What to do:
Your copy of the entries below should hold exactly the lines from the one containing "Eytan Brandes' Quarter" to the one containing "The twenty diamonds", inclusive, and no pictures.
═══ Data to process ═══
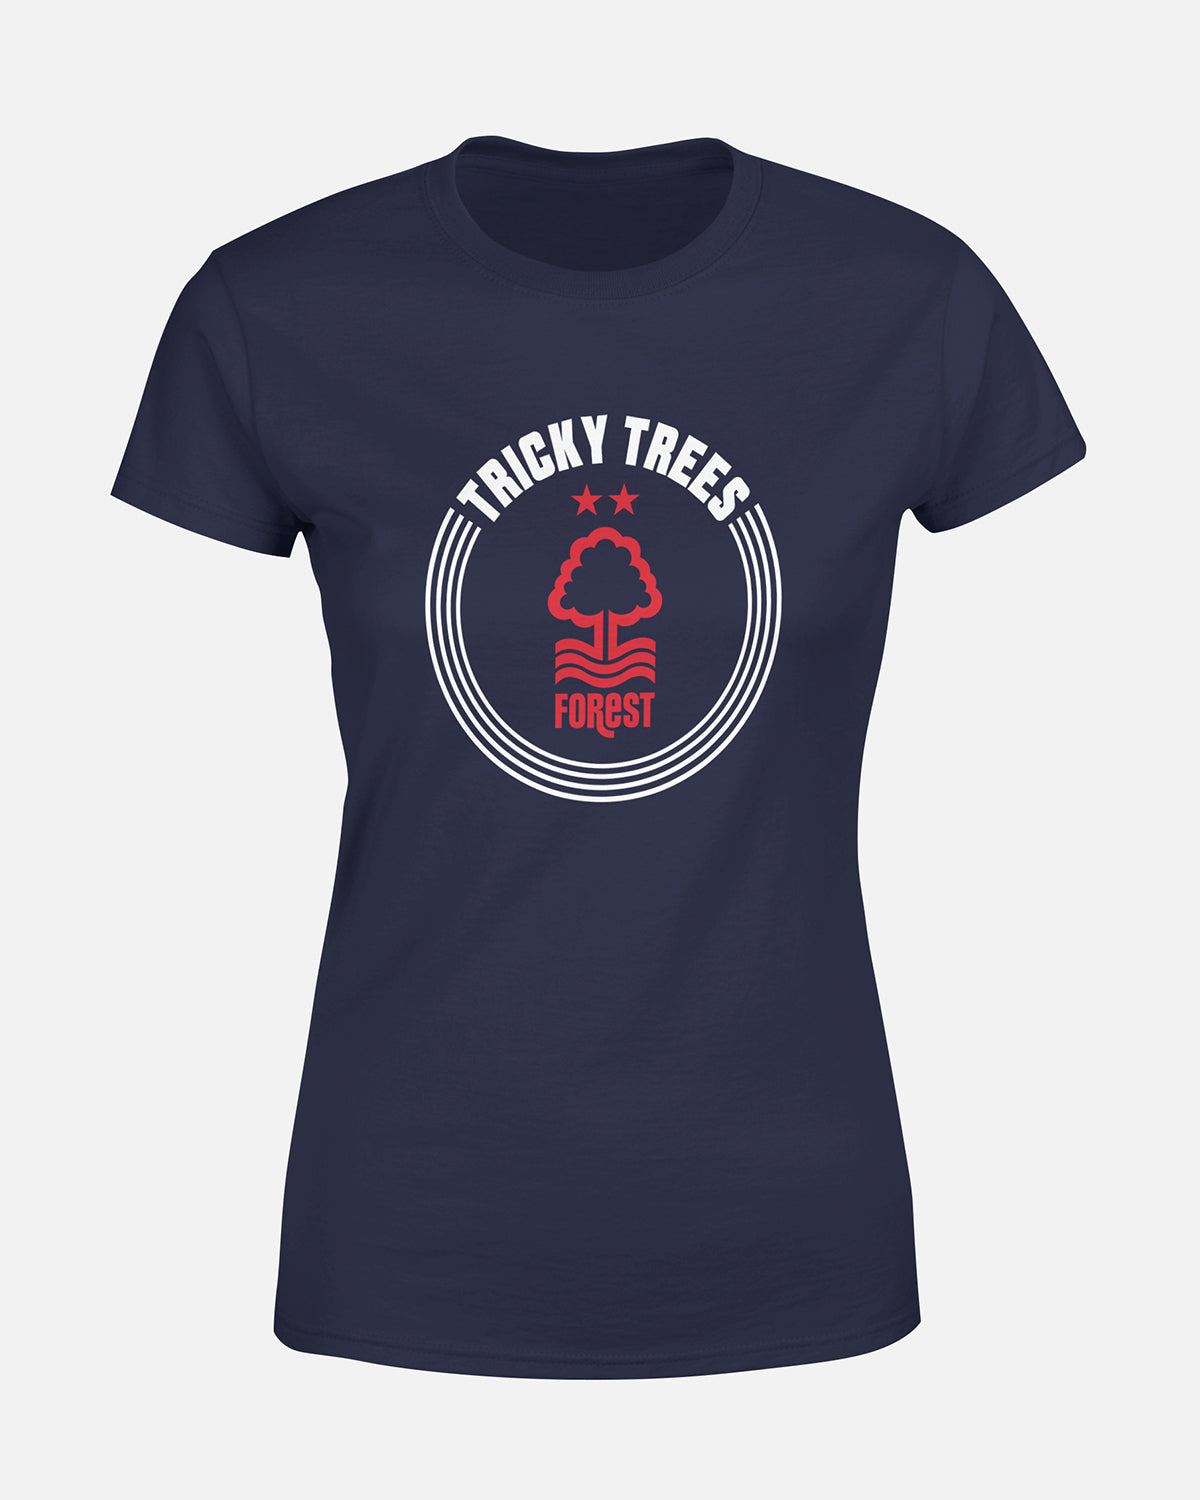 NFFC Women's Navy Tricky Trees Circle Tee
═══
═══ Data to process ═══
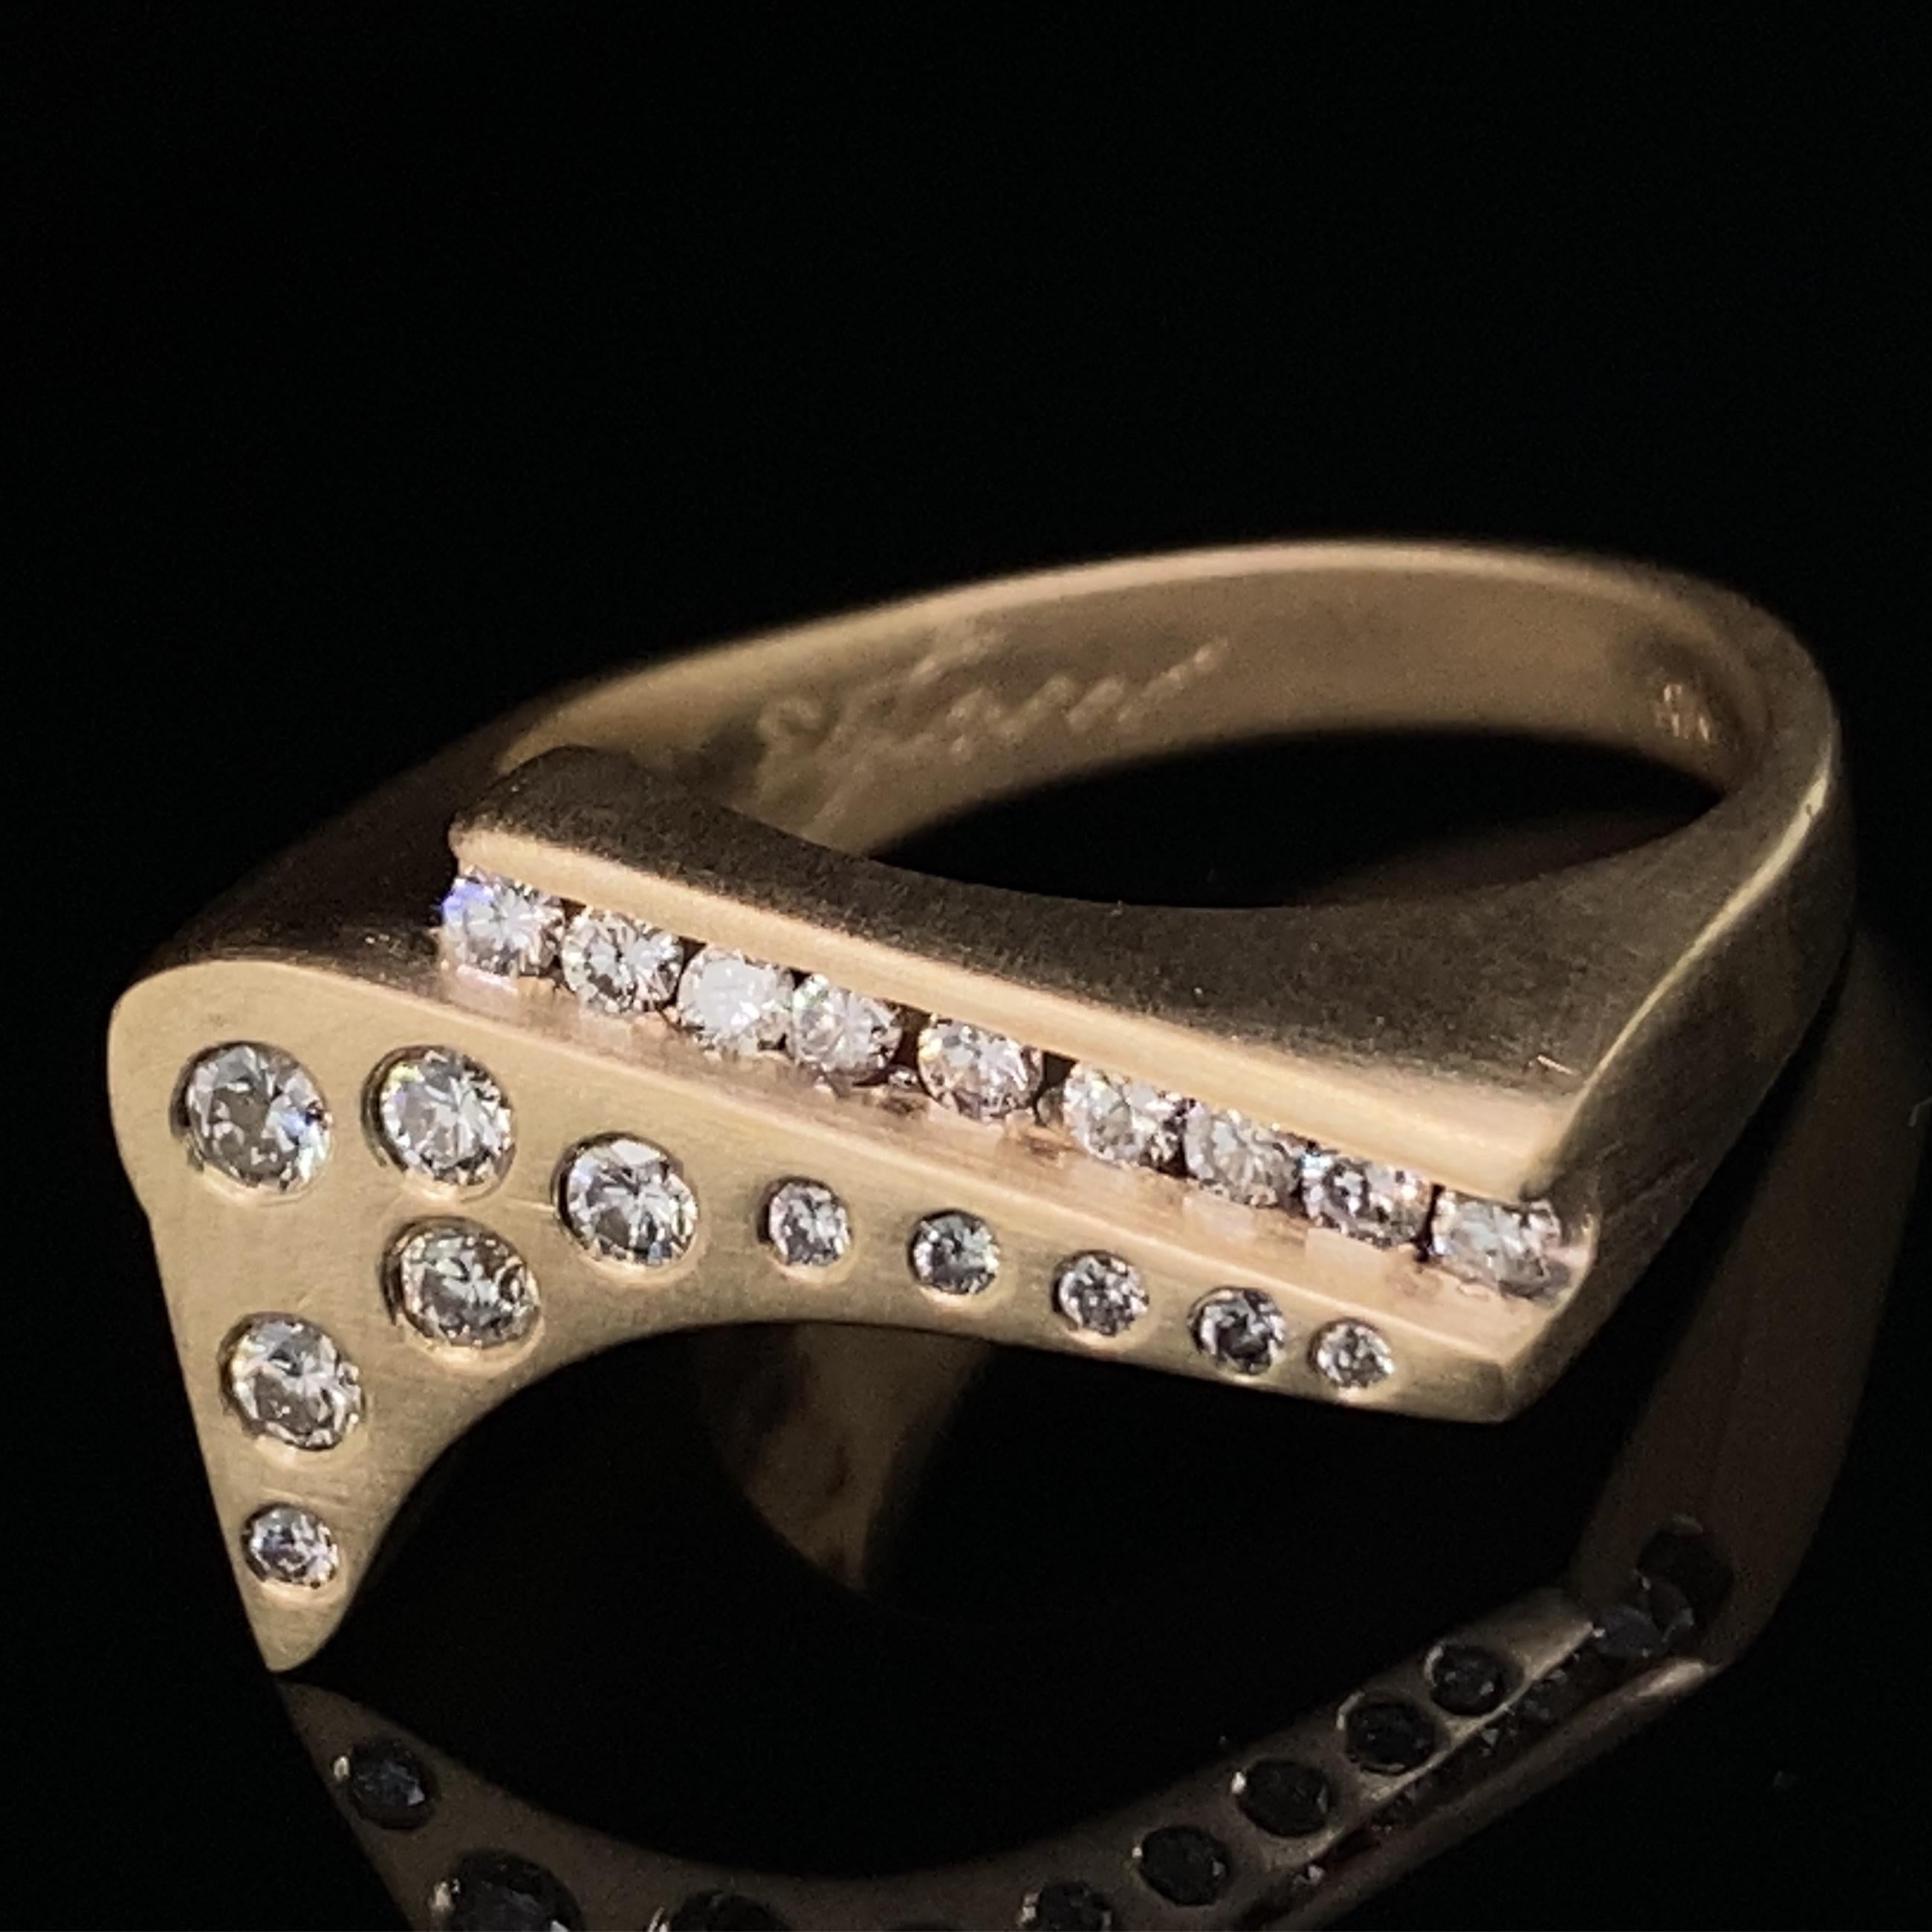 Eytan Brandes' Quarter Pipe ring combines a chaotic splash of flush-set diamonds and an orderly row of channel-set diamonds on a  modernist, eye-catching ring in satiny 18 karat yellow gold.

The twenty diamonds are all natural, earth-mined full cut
═══
Response to the task:
 Eytan Brandes' Quarter Pipe ring combines a chaotic splash of flush-set diamonds and an orderly row of channel-set diamonds on a  modernist, eye-catching ring in satiny 18 karat yellow gold.

The twenty diamonds are all natural, earth-mined full cut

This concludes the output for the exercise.